Observe that Terry’s \({\sf WriteOrder}\) becomes \(?{\sf WriteOrder}\) in Quelea. The punctuation is to explicitly denote the fact that Quelea is unaware of \({\sf WriteOrder}\). To make the matters worse, Quelea does not expose \({\sf happens-before}\) order to application semantics. Consequently, a straightforward port of a Bayou (Terry’s system) application, which requires WFR or MW session guarantee, onto Quelea does not preserve application semantics.

Example Alice tweets “The chicken laid an egg”. Bob sees Alice’s tweet and tweets “A chicken hatched out of the egg”. If GetTweets is tagged with WFR spec in Quelea, then Cheryl, who sees Bob’s tweet is also guaranteed to see Alice’s tweet. However, she canot figure out the causal order among the tweets making her wonder what comes first: Alice’s chicken, or Bob’s egg.

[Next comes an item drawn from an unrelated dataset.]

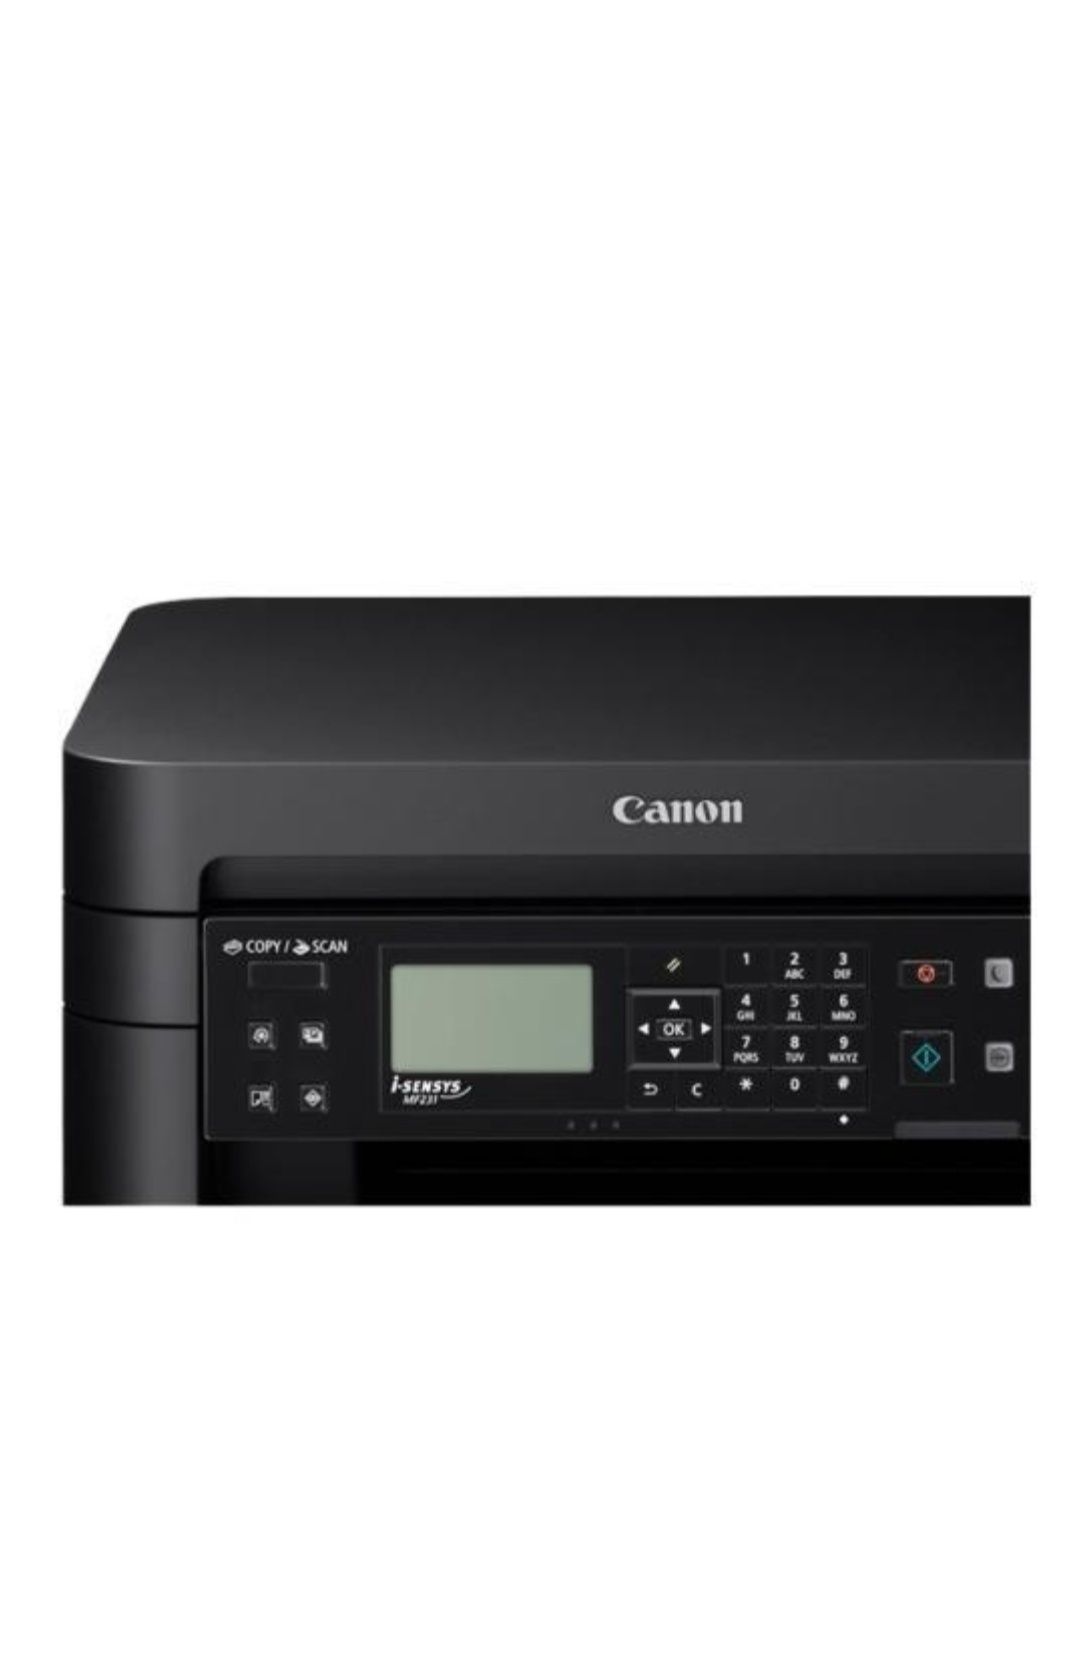 Принтер 3 в 1 МФУ Canon i-SENSYS MF231:
Новая модель многофункциональн

How do we overcome the handicap described above? Some thoughts:

  1. The state of an application that admits non-commutative operations is not an unordered set of effects, but a partially-ordered set of effects with respect to the \({\sf happens-before}\) relation. Accordingly, Read operations in Quelea must reduce over a graph representing the poset, but not a list representing a set.
  2. Is there a way to explicitly track causality by tagging effects with vector clocks? Since each component of the vector must represent the monotonically increasing clock local to a replica, and there is no way to know the currentReplicaId in Quelea, this approach seems implausible. However, getCurrentReplicaId is a simple extension to Quelea, hence supporting this approach is easy. Unfortunately, explicitly tracking vector clocks is tedious and complicates application logic. Hence, first approach may be preferable.